MOUSE ANTI-COXSACKIEVIRUS B3 ANTIBODY (PV25)
Mouse anti Coxsackievirus B3 Antibody (PV25) is specific for Human Coxsackievirus B3, and shows weak cross-reaction with CVB1 and CVB6. The antibody is suitable for enzyme immunoassay (EIA) applications.
PRODUCT DETAILS – MOUSE ANTI-COXSACKIEVIRUS B3 ANTIBODY (PV25)
- Mouse anti Coxsackievirus B3 (PV25) monoclonal antibody.
- Suitable for immunoassay development.
- Purified by Protein G Sepharose chromatography.
- Presented in phosphate buffered saline, pH 7.4, 0.09% sodium azide.
BACKGROUND
Group B coxsackieviruses (CVBs) are a group of six serotypes of Coxsackievirus and the etiologic agents of a number of human diseases that range in severity from asymptomatic to lethal infections. The various members of the Coxsackie B group were discovered almost entirely in the United States, appearing originally in Connecticut, Ohio, New York, and Kentucky, although a sixth member of the group has been found in the Philippines. However, all six serotypes have a global distribution and are a relatively common cause of gastrointestinal upset.
CVBs are small, single-stranded positive RNA icosahedral viruses that belong to the enterovirus genus of the picornavirus family. The coxsackievirus B3 strain Nancy (CB3) genome is 7396 nucleotides long, and encodes a 2185 amino acid long polyprotein. With only one open reading frame, CVB genome encodes a large polyprotein, which is cleaved into the mature viral proteins by viral proteinases 2A and 3C (Lindberg et al., 1987, Sean and Semler, 2008). CVB capsid is composed of four structural proteins, VP1, VP2, VP3, and VP4. The VP1 protein, which locates on the surface of the capsid, is the main neutralizing antigen of the virus (Muckelbauer and Rossmann, 1997). It exhibits the same gene organization as other enterovirus genomes (Lindberg et al., 1987).
Enterovirus infections have been linked to type 1 diabetes. Type 1 diabetes (T1D) is characterised by the selective loss of insulin producing beta cells from the islets of Langerhans in the pancreas. Affected individuals must administer exogenous insulin throughout their lives. The incidence of the disease is increasing and although previously thought to be a disease of the young, it is now known to develop in all stages of life (Patterson et al., 2009; Thomas et al., 2018). Recent studies confirm that beta cells express specific enteroviral receptors and that they can sustain a productive enteroviral infection. These cells can also mount antiviral responses which attenuate viral replication and may favour the establishment of a persistent enteroviral infection. Together, these responses may combine to create the conditions for enteroviruses to precipitate islet autoimmunity (Richardson and Morgan, 2018).

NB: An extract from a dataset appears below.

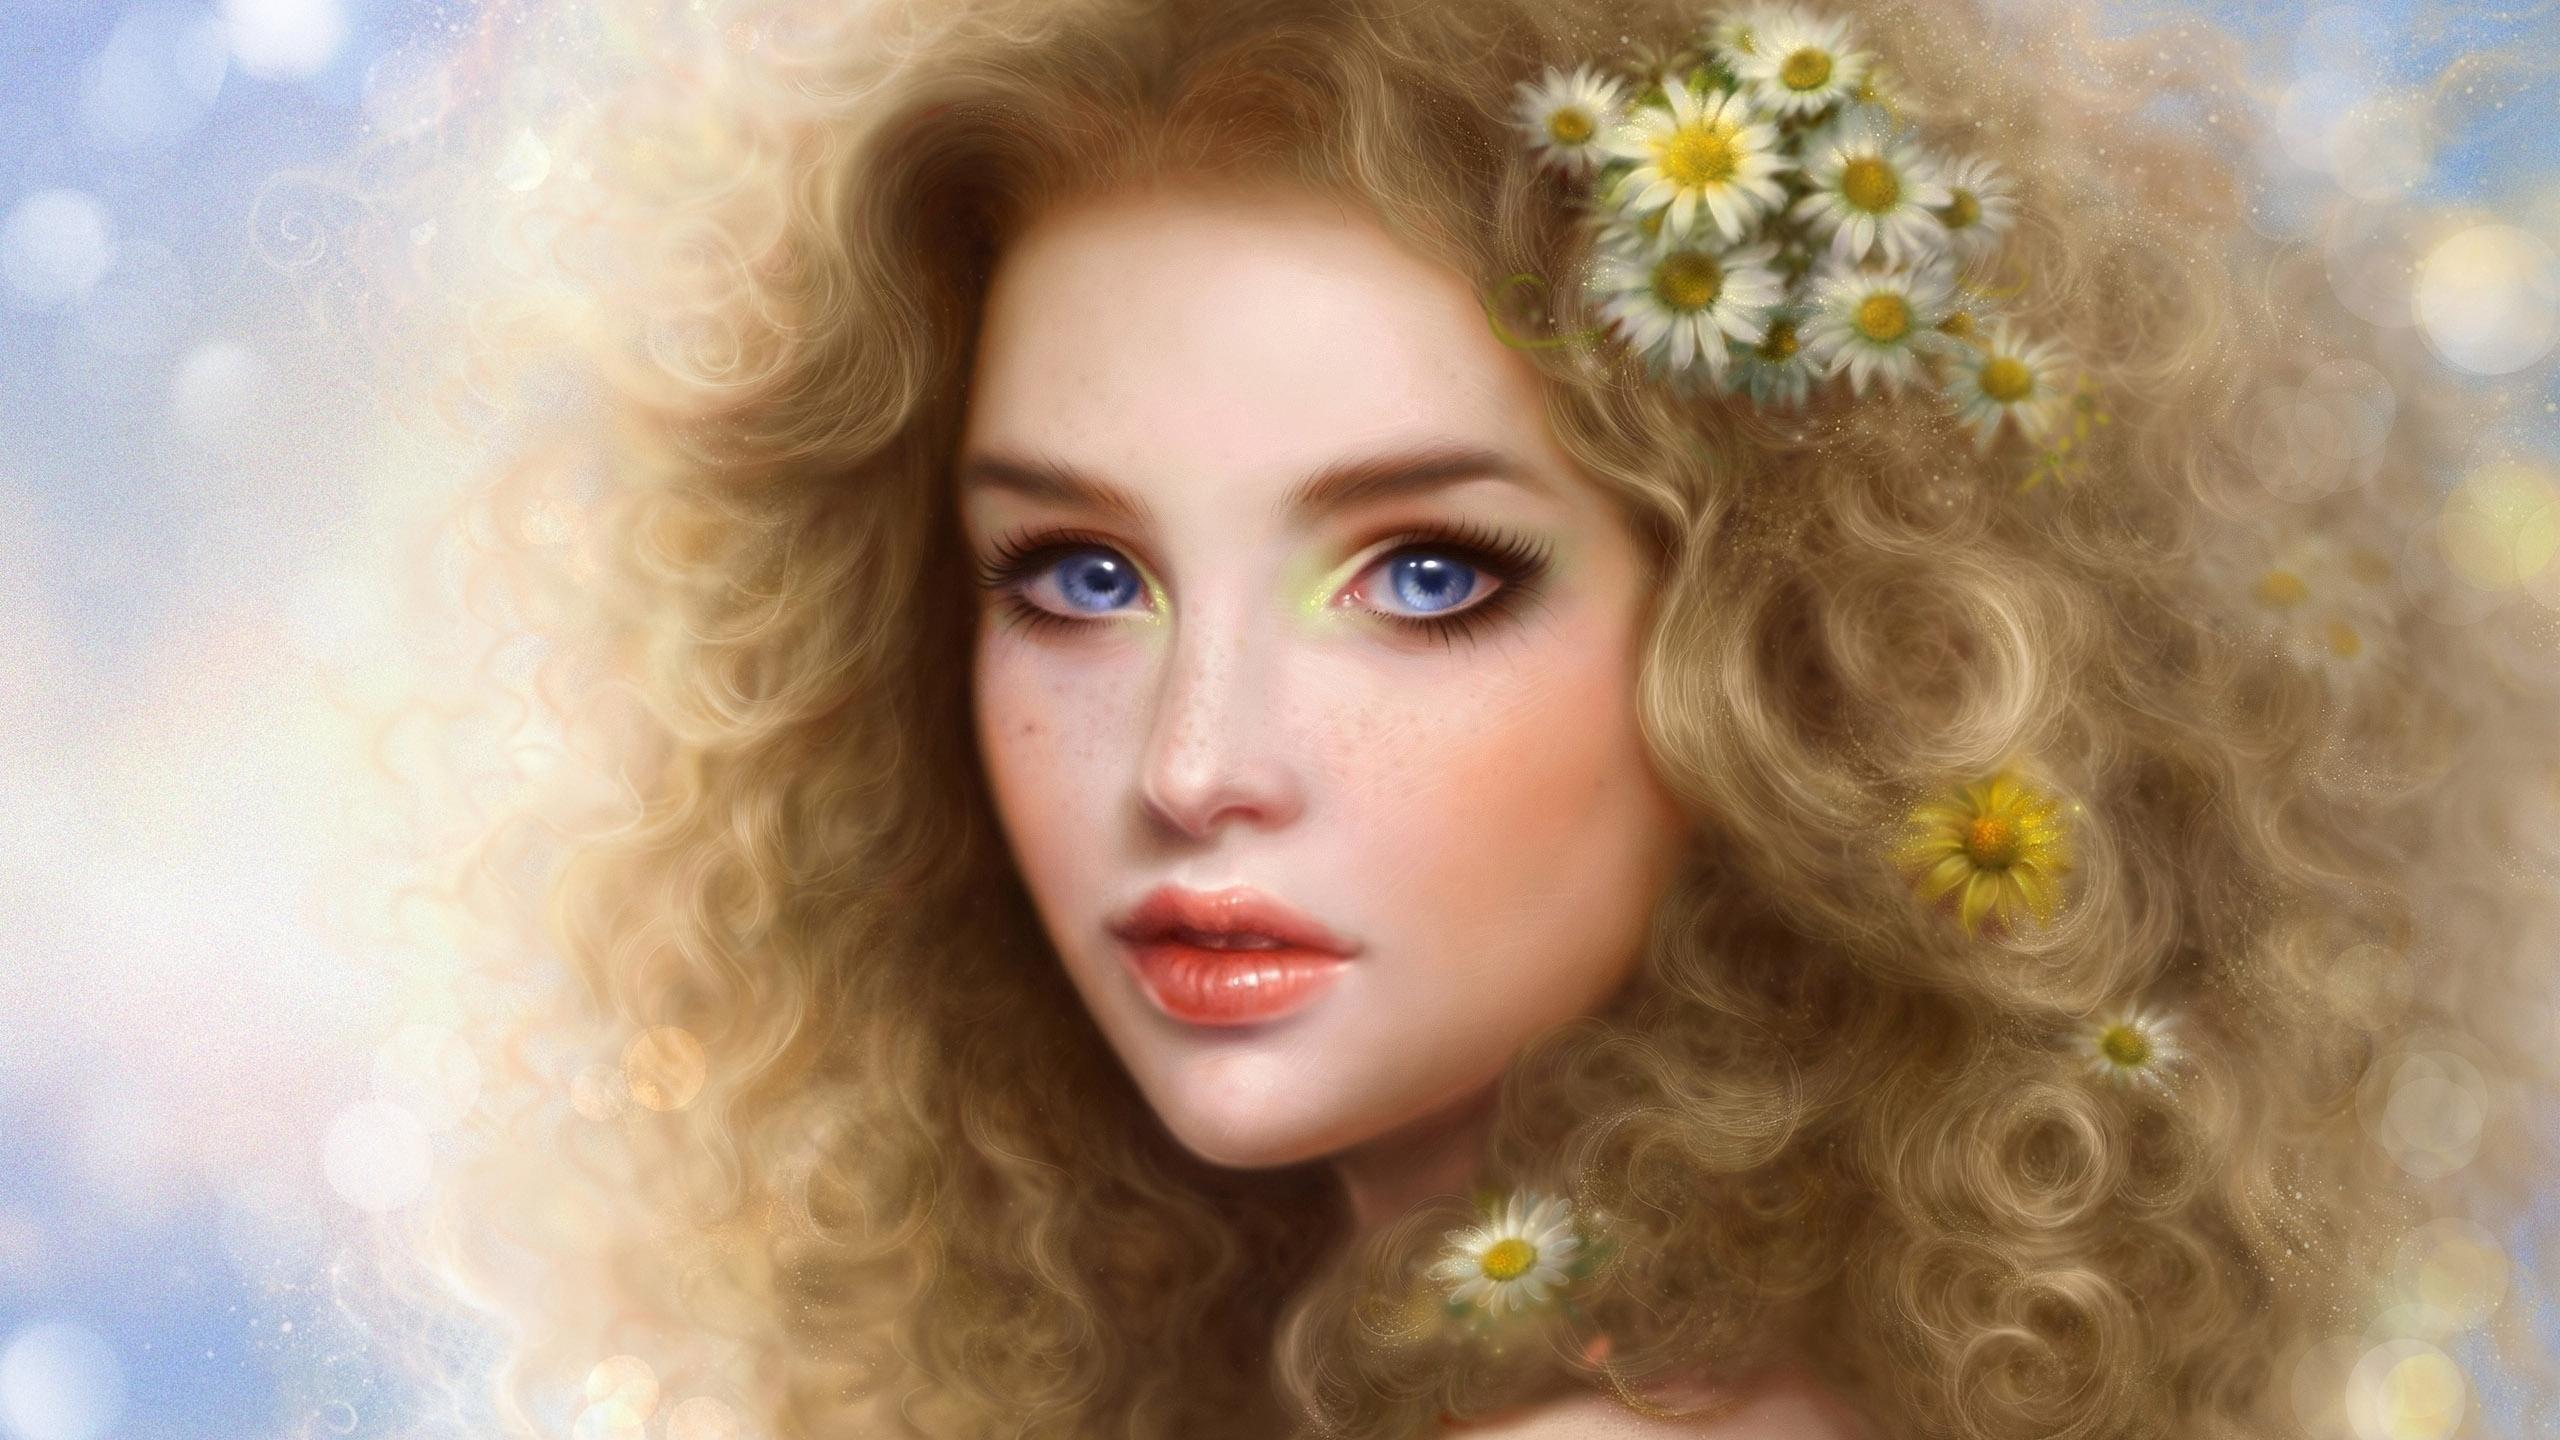 Fantasy girl blue eyes beautiful face blonde girl daisy hair flower  wallpaper | | 594493 | WallpaperUP

Enterovirus infection is diagnosed mainly by serological testing e.g. ELISA and from cell culture (Bell et al., 1986; Fields et al., 1985). Because the same level and type of care is given regardless of type of Coxsackie B infection, it is mostly unnecessary for treatment purposes to diagnose which virus is causing the symptoms in question, although it may be epidemiologically useful.
The Native Antigen Company has created a range of enterovirus reagents to help researchers develop better serological testing methods for the diagnosis of enteroviral diseases.
REFERENCES
- Bell et al. (1986). Mu-Antibody capture elisa for the rapid diagnosis of enterovirus infections in patients with aseptic meningitis. Journal of Medical Virology. 19 (3): 213–7.
- Fields, Bernard N.; David M. Knipe; Robert M. Chanock; Joseph L. Melnick; Bernard Roizman; Robert E. Shope (1985). Fields Virology. New York: Raven Press. pp. 739–794.
- Lindberg et al. (1987). Genome of coxsackievirus B3. Virology. Volume 156, Issue 1, Pages 50-63.
- Muckelbauer et al. (1995). The structure of coxsackievirus B3 at 3.5 å resolution. Structure. Volume 3, Issue 7, July 1995, Pages 653-667.
- Sean and Semler (2008). Coxsackievirus B RNA replication: lessons from poliovirus. Curr Top Microbiol Immunol. 323:89-121.
- Patterson et al. (2009). Incidence trends for childhood type 1 diabetes in Europe during 1989–2003 and predicted new cases 2005–20: a multicentre prospective registration study. Lancet, 373, pp. 2027-2033.
- Richardson and Morgan (2018). Enteroviral infections in the pathogenesis of type 1 diabetes: new insights for therapeutic intervention. Current Opinion in Pharmacology. Volume 43, Pages 11-19.
- Thomas et al. (2018). Frequency and phenotype of type 1 diabetes in the first six decades of life: a cross-sectional, genetically stratified survival analysis from UK Biobank. Lancet Diabetes Endocrinol, 6, pp. 122-129.